Many of the real names of the original members are impossible to find since they are all given NoZe Brother names and were known by that.

In 1924, the members of the club began wearing noses, a different one for each member, as well as unorthodox costumes.  This year, the club also began to accept members from dorms other than Brooks.

In order to rush into the NoZe Brotherhood, each potential new member had to submit an essay.  Their acceptance was based on both originality and creativity.  Each member needed to obtain and keep a 3.8 GPA, the highest GPA of any organization on campus many times.  Each pledge class that becomes a part of the brotherhood is required to complete a "class project."  This class project is basically a group prank.

In 1954, the society began publishing its own satirical newspaper, The Rope (spoofing the campus newspaper The Lariat), taking aim at Baylor University and the Baptist Church, employing satire and absurdity, and developing a unique writing style known as "NoZe prose".  The group kept a record of everything they did as a group called the "Holy Law."  Sadly sometime after World War II, the book was lost and has yet to be found.

NoZe Brothers who have graduated are known as "Exiles."

Reclusion
In the mid-1960s, the society's relationship with Baylor's administration became more precarious, due primarily to acts of vandalism: the repeated painting of a campus bridge in the traditional NoZe color of pink, followed by an alleged arson attack on the bridge, the details of which are disputed.

The society went underground, disguising members' identities with rubber noses and wigs.
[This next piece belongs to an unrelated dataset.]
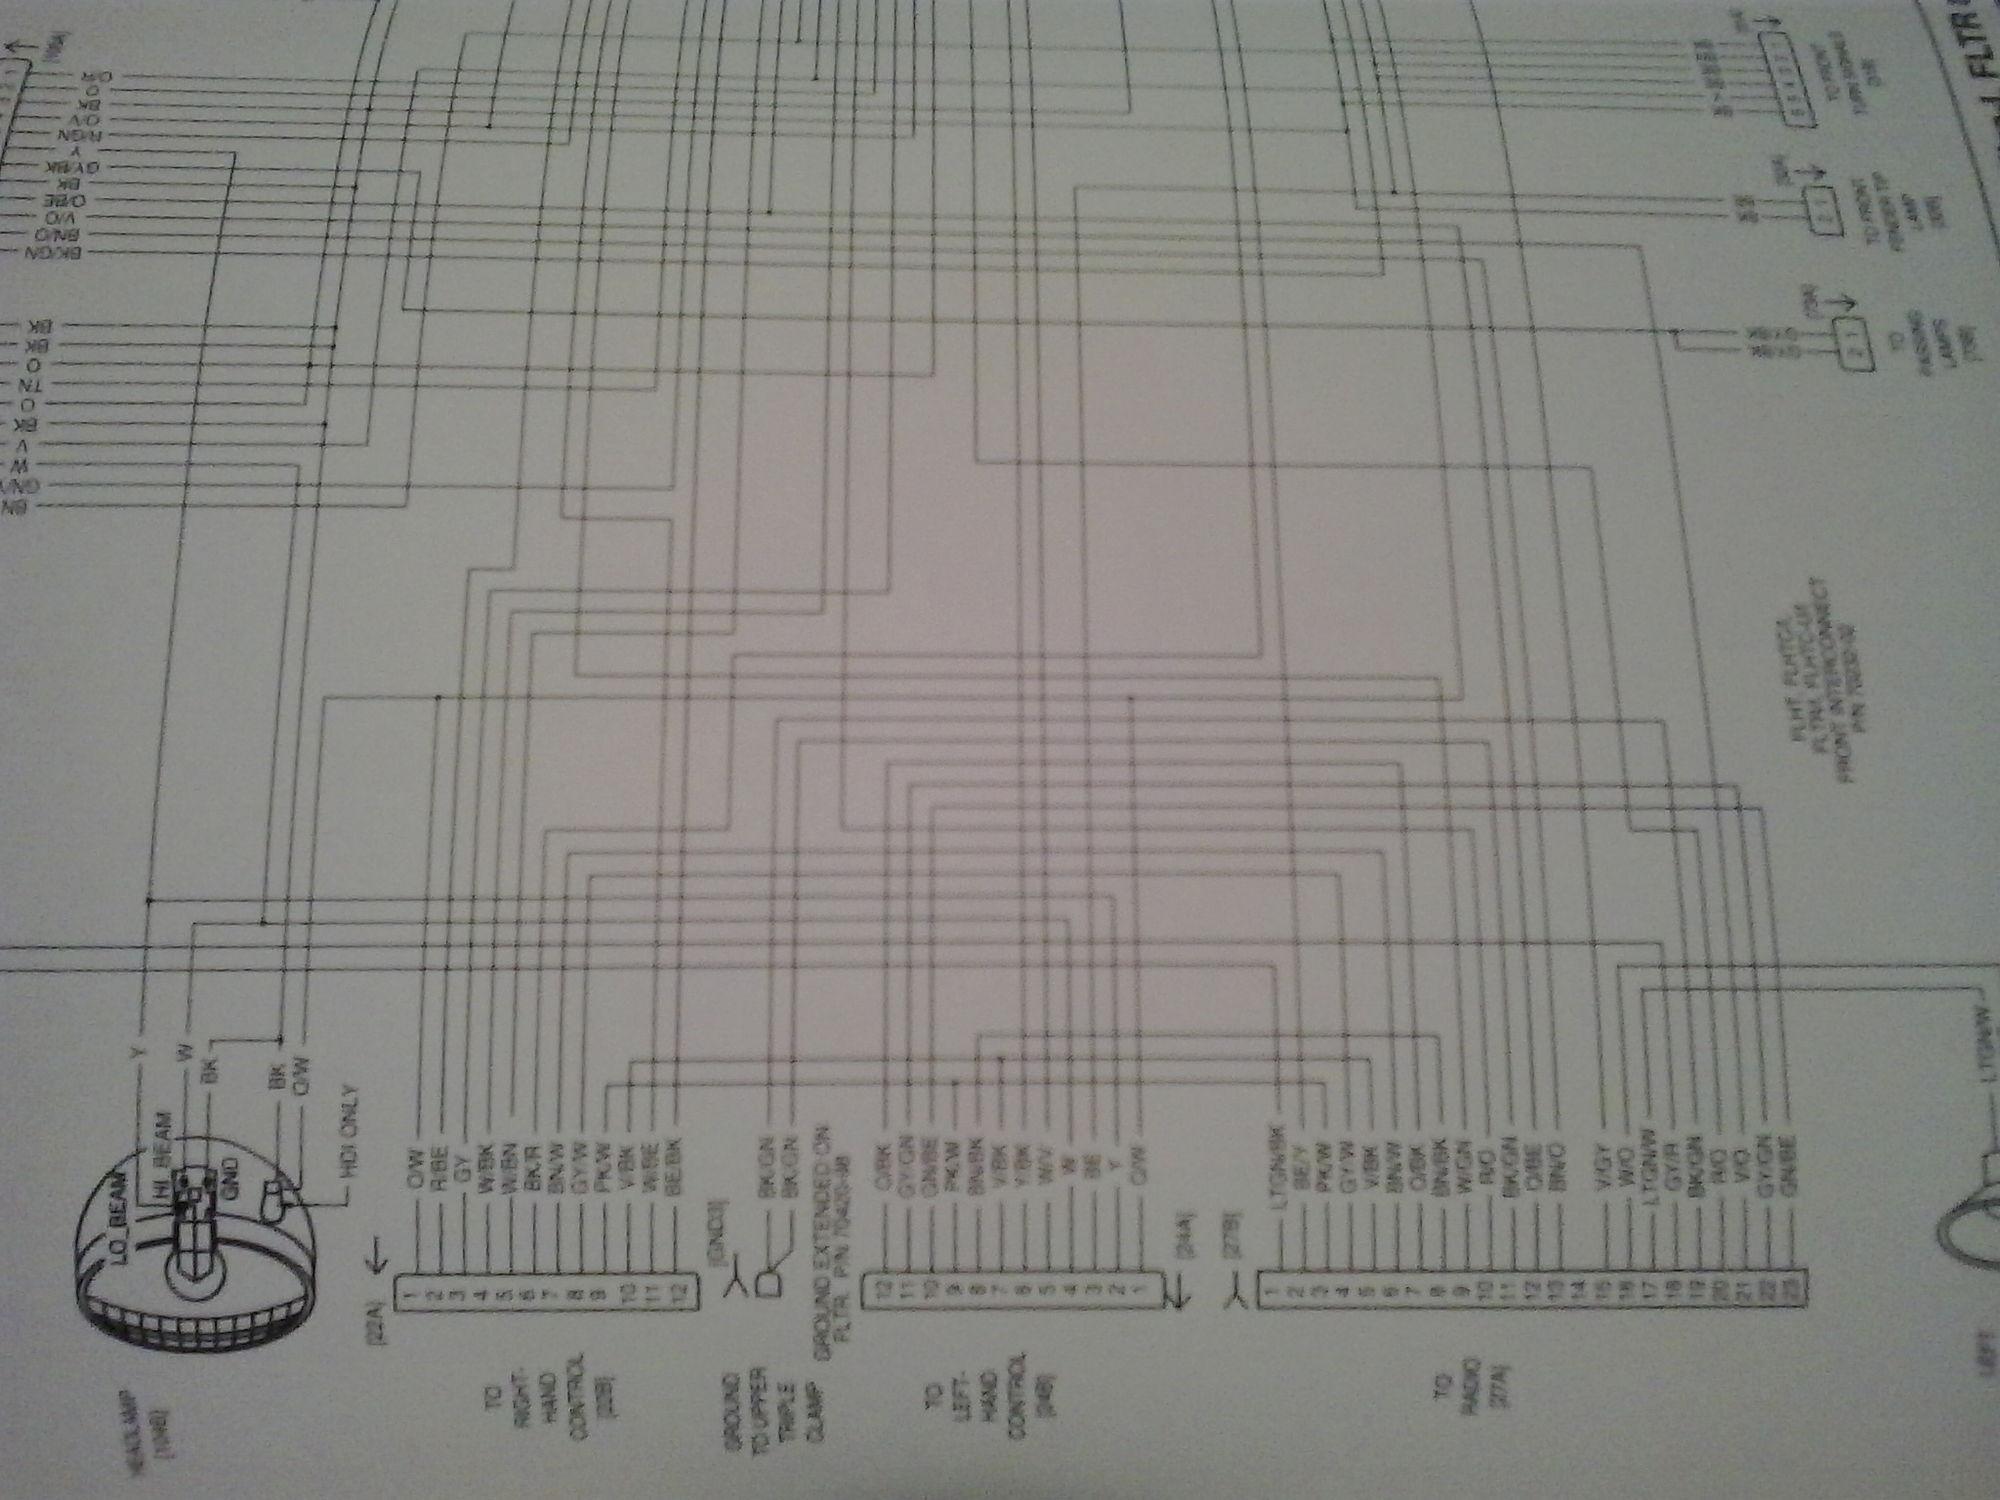 02 04 Road King Wiring Harness Help Please

For some unknown reason, the Brothers changed the spelling from "nose" to "NoZe" and adopted a guerrilla profile, crashing various campus events such as "Sing", Chapel, and Homecoming parades.  The Rope continues to write about Baylor University and Baptist politics using satire and absurdity. However, over the last forty years the society has alternated between being officially allowed on campus and being banned. Currently the society is in the good graces of the Baylor Administration.

Members

Key figures in the NoZe Brotherhood include the Lorde Mayor, bearer of the Enlightening Rod of Elmo and the Cunning Linguist, who edits the Rope. The Bored of Graft consists of past Lordes Mayor, who are available to give advice to the current Lorde Mayor.
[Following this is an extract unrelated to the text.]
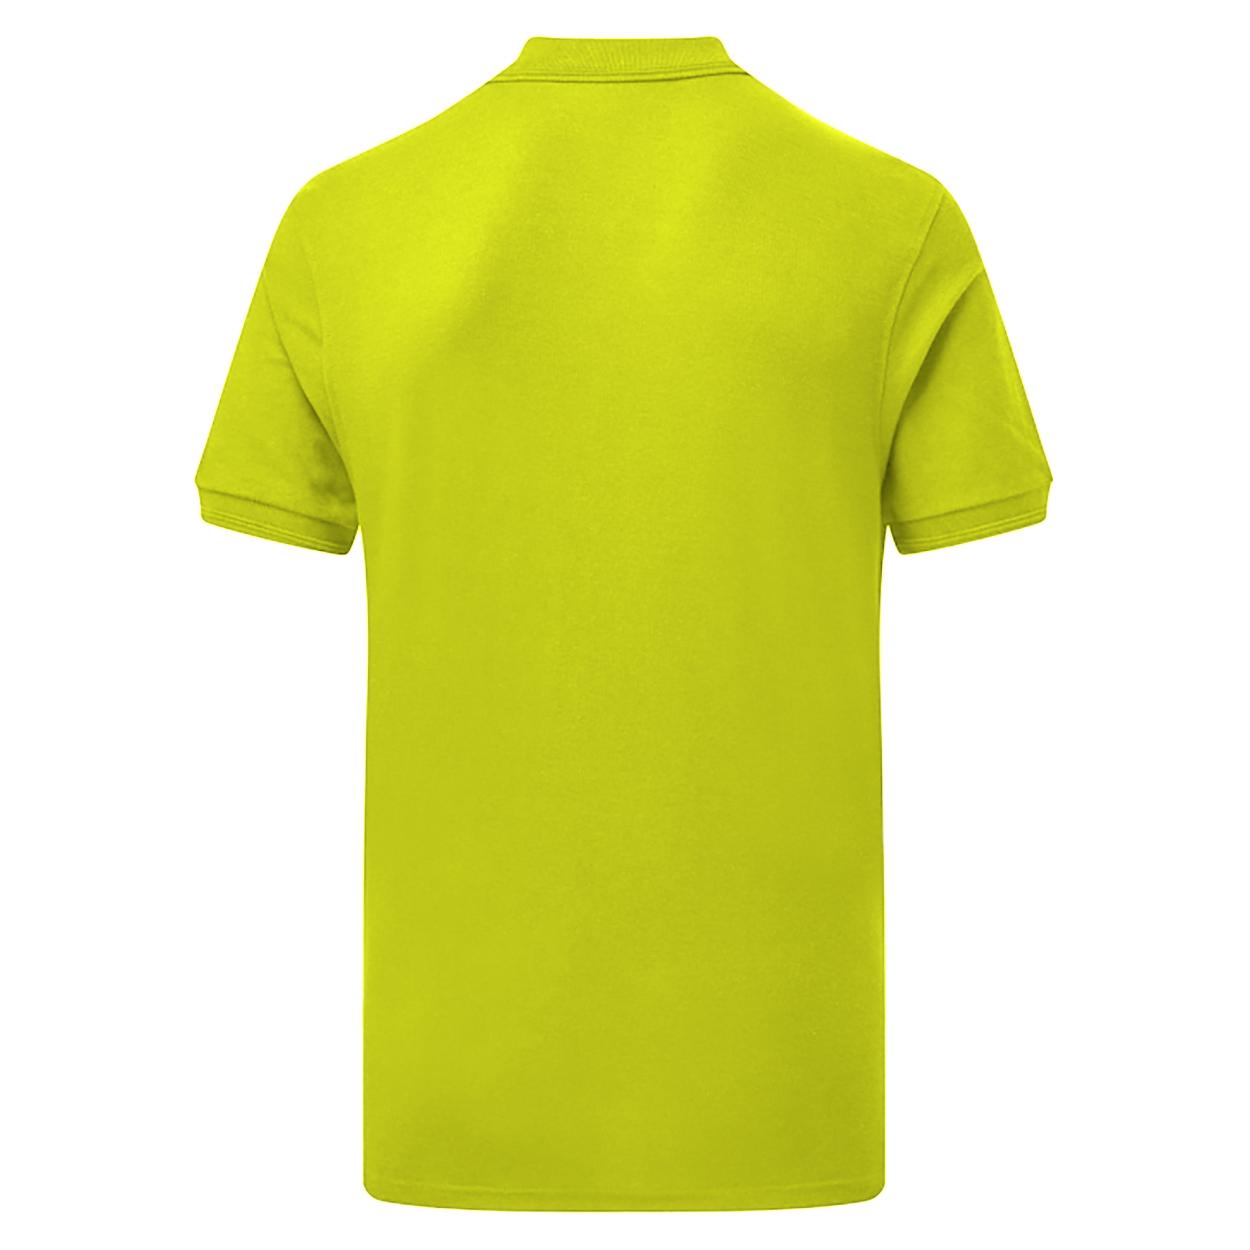 SG Mens Polycotton Short Sleeve Polo Shirt (M) (Sunflower)

The society is liberal in handing out awards, titles, and various sobriquets; in fact, if a NoZeman feels that his fellow members have not seen fit to bestow sufficient honors upon him, he is encouraged to come up with his own. NoZe honors typically begin with the prefix "Keko Keeper of...", the meaning of which is apparently lost to history.

In NoZe lore, there are five types of people in the world. Members are NoZe Brothers; male non-members are "Infidels"; female non-members are "Hairylegs.""Fortunates" are infidels who are romantically involved to a greater or lesser degree with a NoZe Brother. "Exiles" are NoZe Brothers who have graduated or otherwise left the University.

The NoZe Brothers delight in praising the memory of Brother Long NoZe in prose and song  with ditties such as "This Old God", "When the NoZe is Blown up Yonder", and "Rock Around the Cross". The traditional NoZe saga "The Cry of the Enormous Rabbit" is usually recited semiannually. The NoZe prayer is basically "Now I Lay Me Down to Sleep" recited backwards with appropriate changes.

The society is based in Waco, Texas. It is forbidden for a NoZe Brother to reveal his identity to a non-member, unless it will directly result in him having sex. Every semester, the Brotherhood holds UnRush, an opportunity for non-members to present themselves for consideration by the society. The NoZe will announce the time and place of UnRush in the first Rope of the semester, and invite candidates to submit a humorous, satirical, or absurdist paper of 10,365 words or less. During UnRush, the Lorde Mayor will prophesy to and harangue the attendant masses on some matter of topical interest.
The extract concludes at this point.